::: Material provided

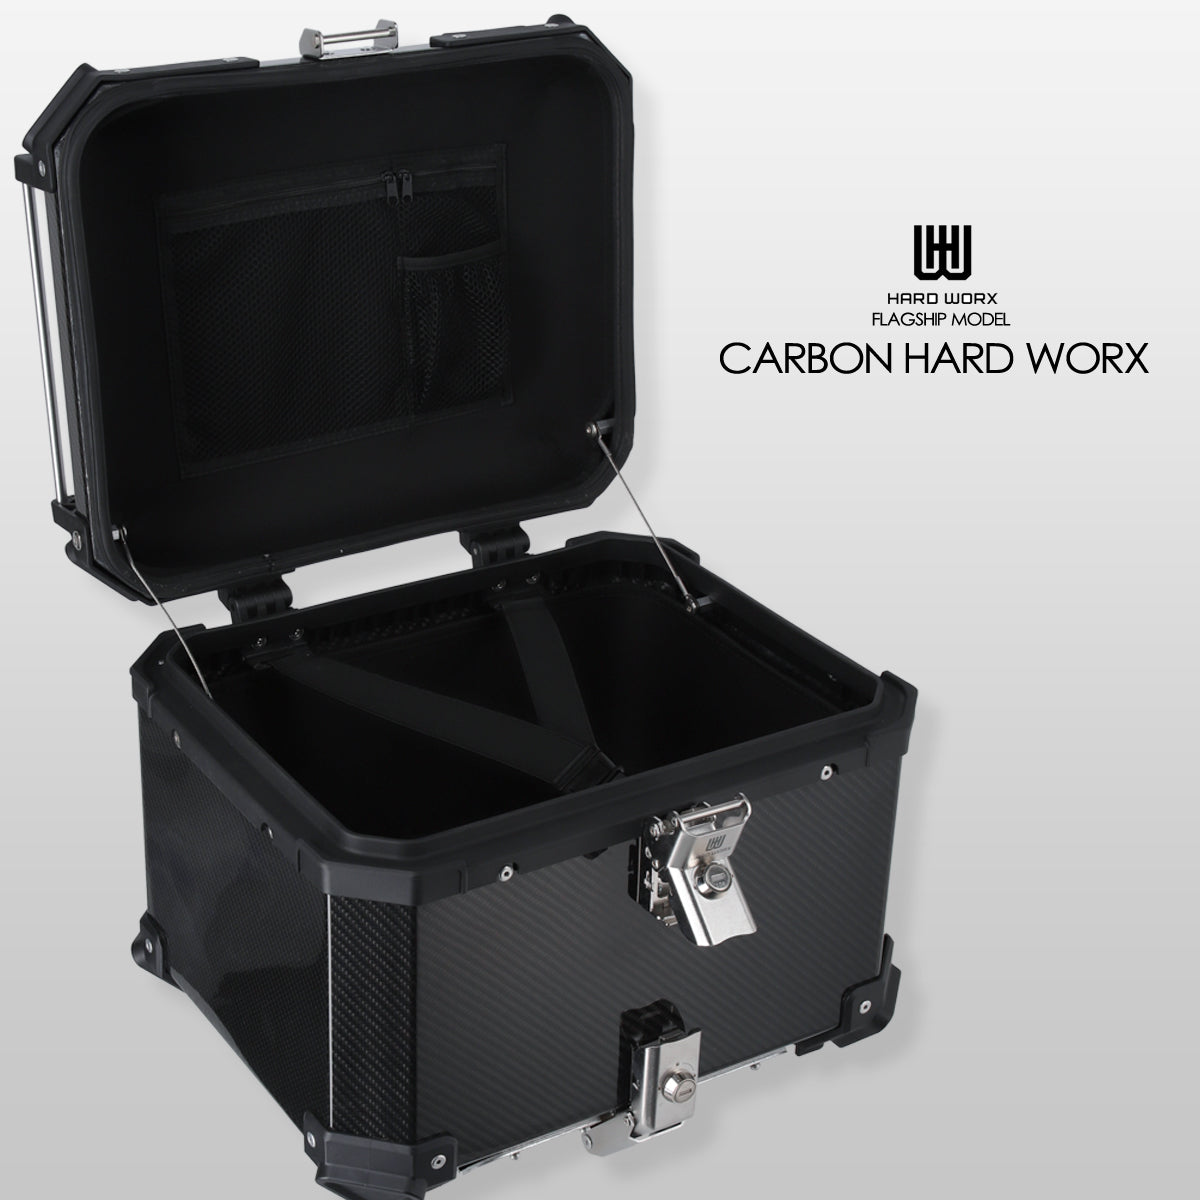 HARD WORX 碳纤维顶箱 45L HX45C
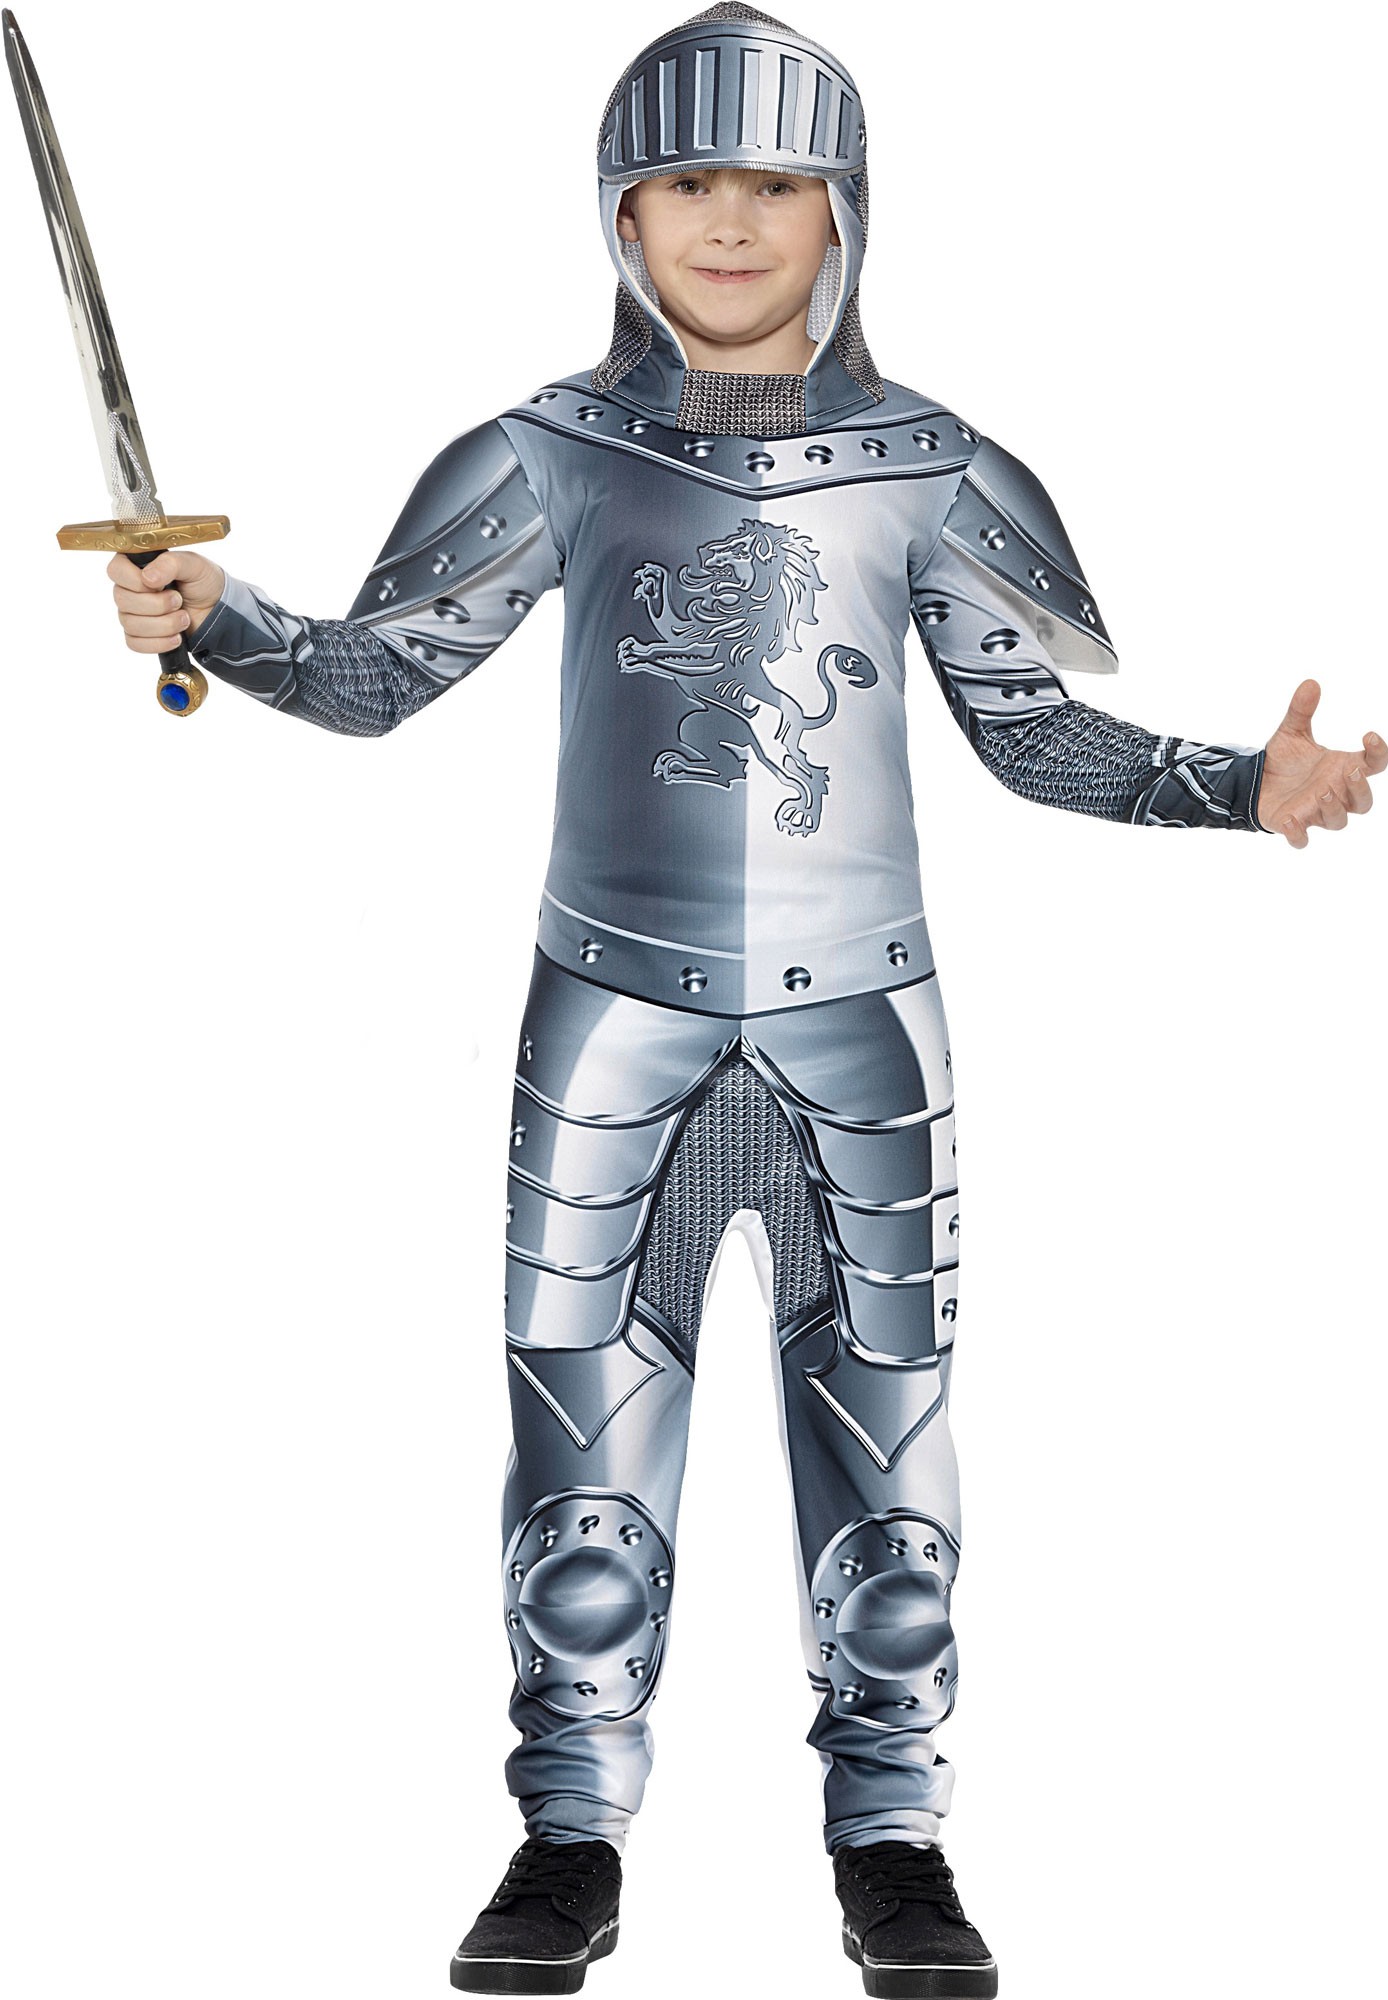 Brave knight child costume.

::::::
::: Material provided

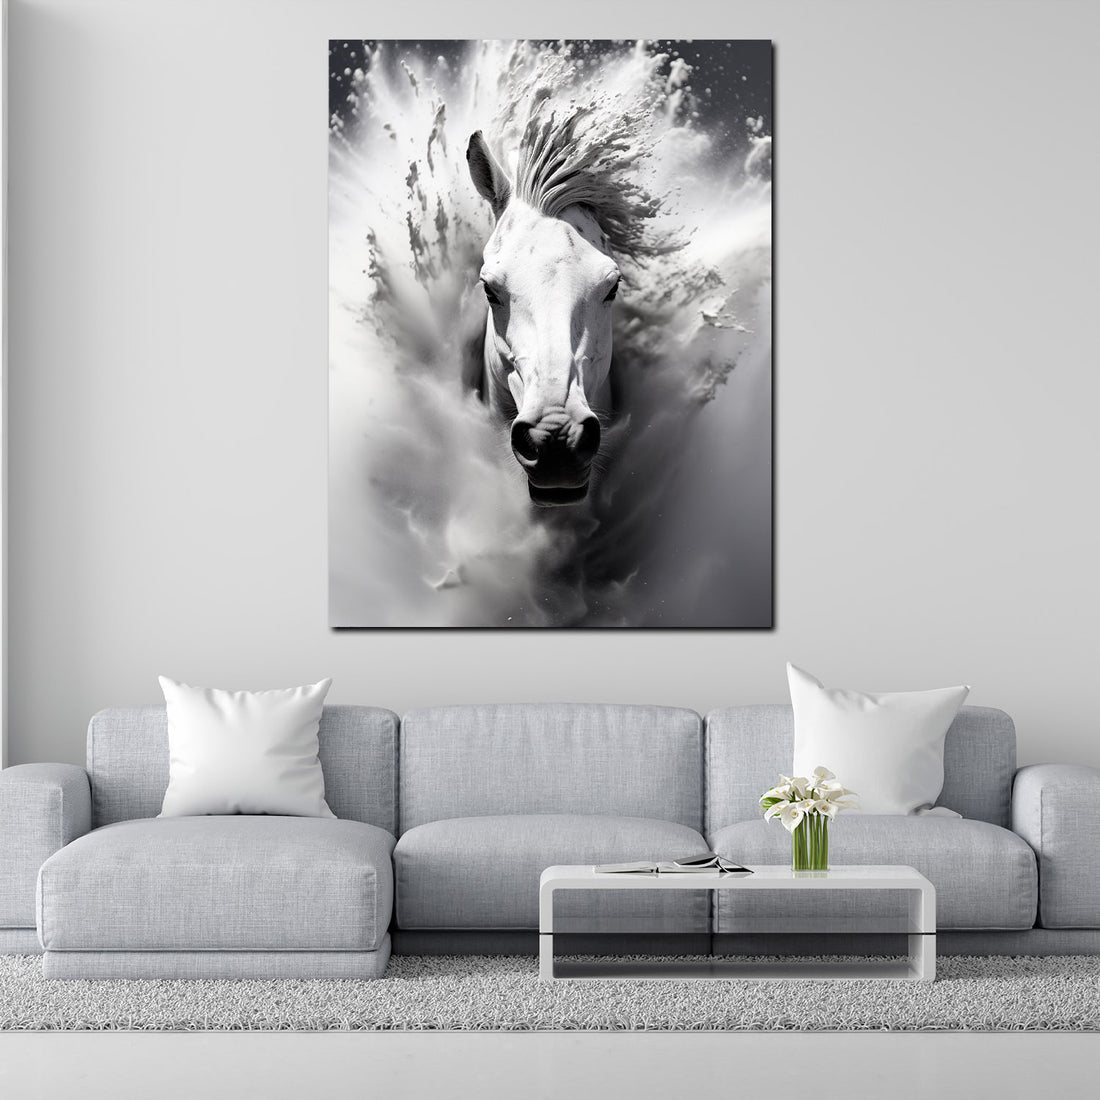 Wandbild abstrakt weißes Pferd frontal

::::::

Task description: Taking the entries above, extract every line from the one bearing "HARD WORX 碳纤维顶箱 45L HX45C" through the one bearing "Brave knight child costume.", exactly, with no pictures.

Exercise output:
 HARD WORX 碳纤维顶箱 45L HX45C
 Brave knight child costume.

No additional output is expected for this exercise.